Tomorrow is the last day to pre register for tournament on the 29th and a chance to win a Duckett rod valued at a $150.


----------



## ranger58 (Mar 1, 2008)

Cowan Lake is this Saturday.


----------



## ranger58 (Mar 1, 2008)

I want to thank all of those who participated in the first Get Hook'd Tournament of the year. I also want to thank the sponsors for helping support the GHTS. 
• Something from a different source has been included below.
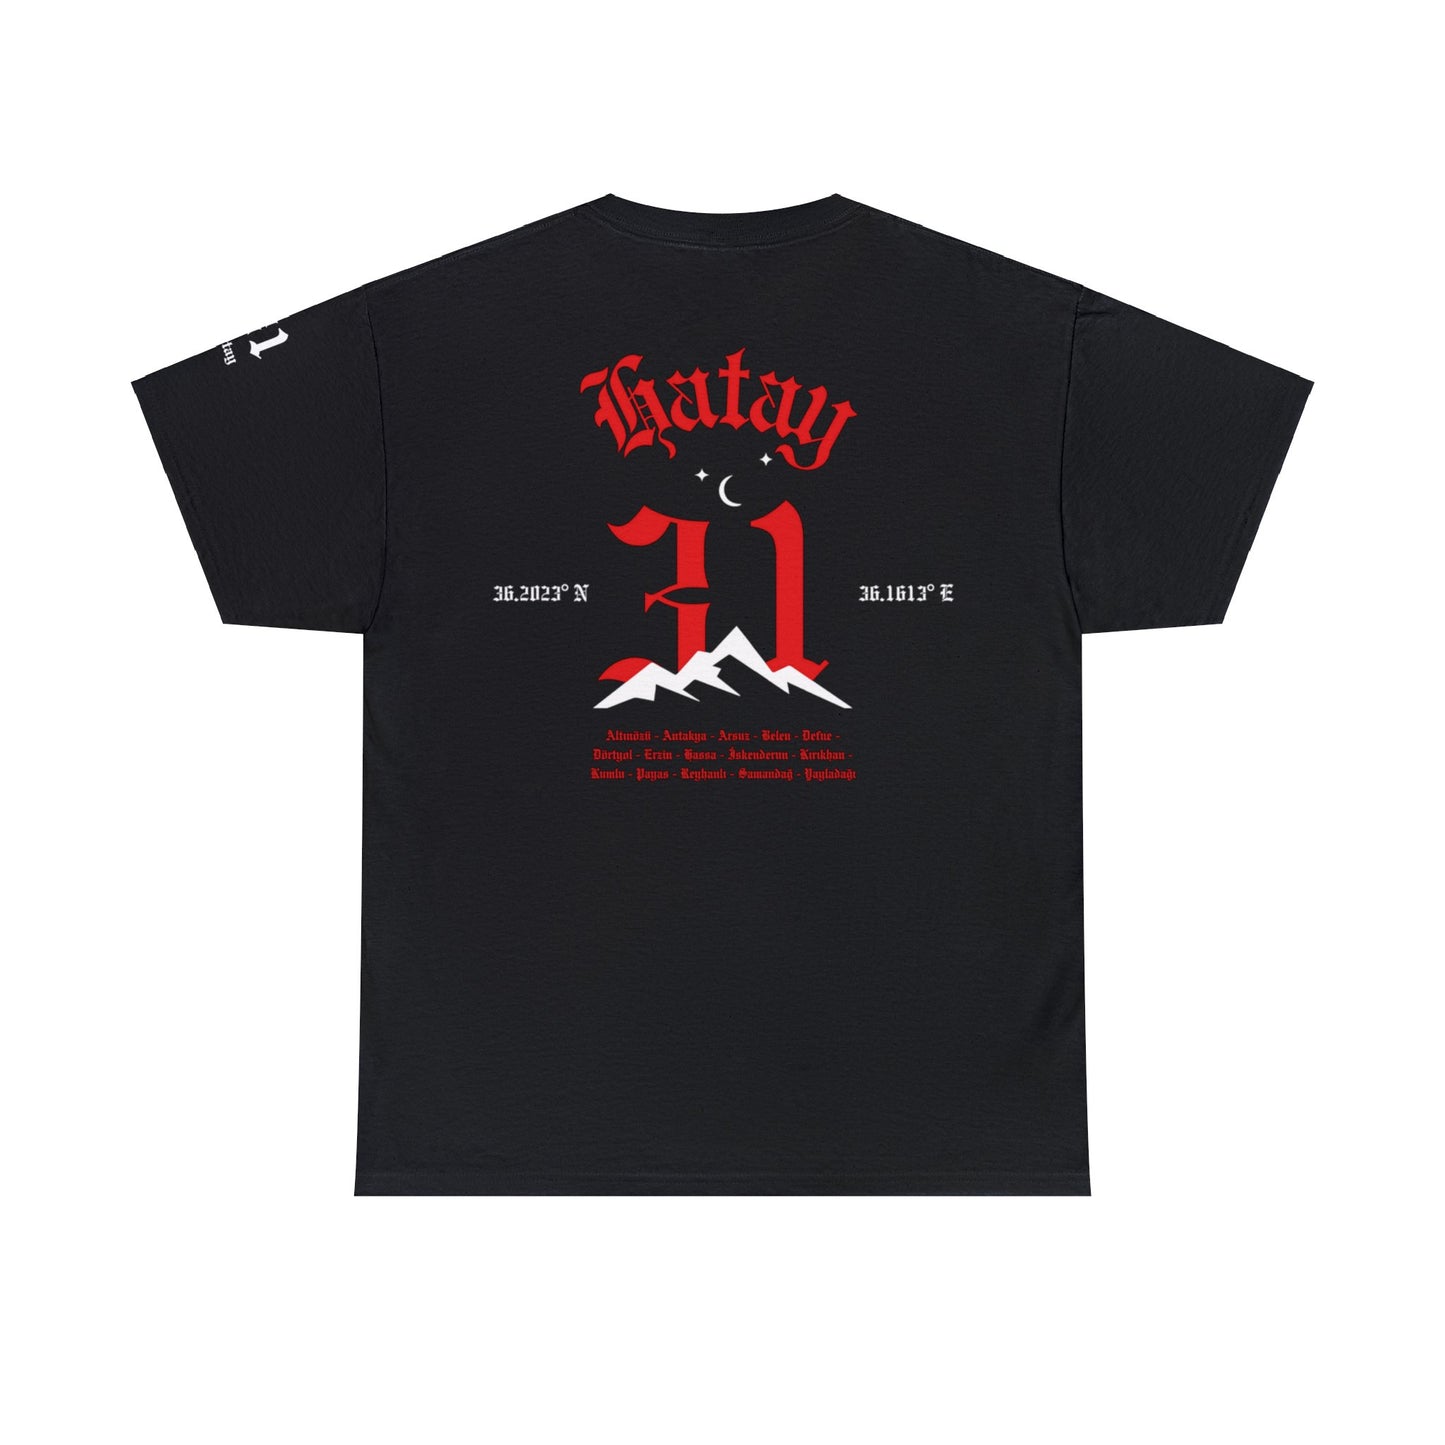 İlçem - 31 Hatay - T-Shirt - Back Print - Black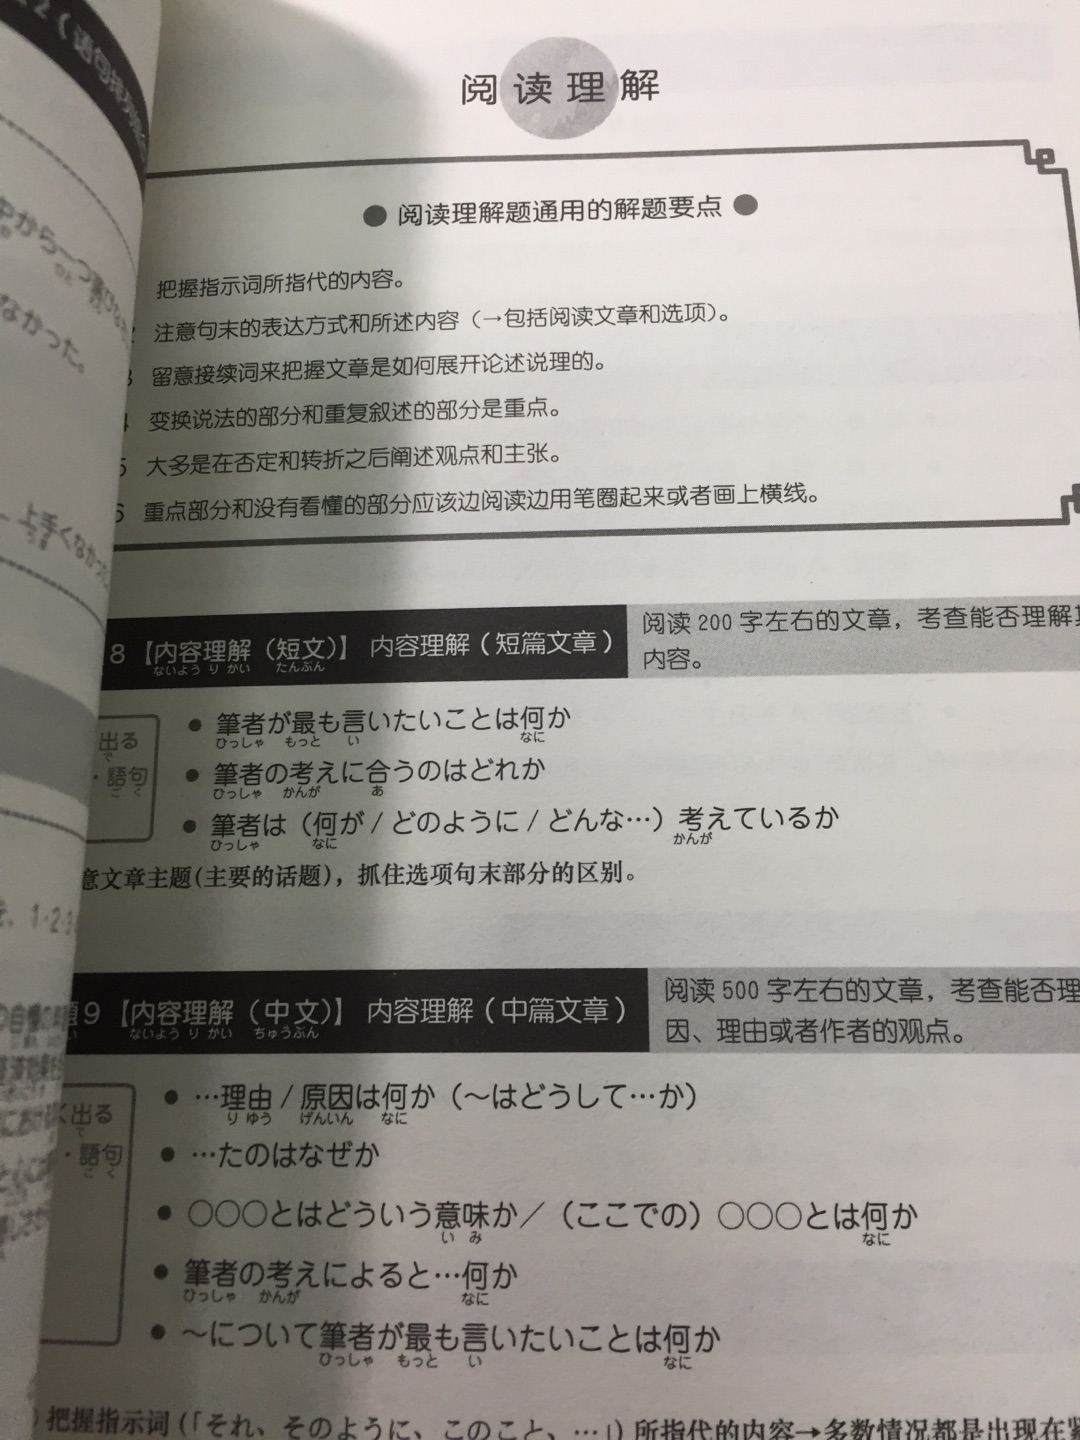 新完全掌握日语能力考试 N1 (共7册), 这套丛书还有 《新完全掌握日语能力考试N1级词汇》,《新完全掌握日语能力考试N1级阅读》,《新完全掌握日语能力考试 N1级 听力》,《新完全掌握日语能力考试 N1级 汉字》,《新完全掌握日语能力考试N1级语法》 等。

We had a total of 10 boats 8 of which preregistered. Gill Minor won a Duckett Fishing Micro Magic 6&#8242; 9&#8243; medium heavy action model DFMM69MH-C rod valued at $149.99 for preregistering. Jason and Ben were the first boat out of the money but didn't go home empty handed. Jason won a Rod Glove and Ben won a bottle of KVD Line & Lure Conditioner. 

The day started with great fishing conditions but warmed to a hot day on the water. Fishing was slow for everyone with only two boats bringing in a limit but things were tight at the scales. Jeremy and Lester edged out Josh and Mike by just over a half pound for the win. Eric and Doug edged out Jason and Ben for Big Bass by 0.02ozs. 

When asked about the win Jeremy said "Flippin plastic's and junk fishing was what pulled out the win". 


1st Jeremy/Lester 5 fish - 10.62lbs
2nd Josh/Mike 5 fish - 10.01lbs
3rd Jason/Ben 3 fish - 6.70lbs
4th Eric/Doug 2 fish - 5.48lbs GHTS - Big Bass 3.19lbs
5th Ben/Allen 1 fish - 1.91lbs
6th Eddie 1 fish - 1.82lbs
7-10 no fish

Totals - 10 boats - 17 fish - 36.54lbs


----------



## bassinjody (Aug 25, 2005)

will the ceaser creek tournament , be at wellmans boat ramp .


----------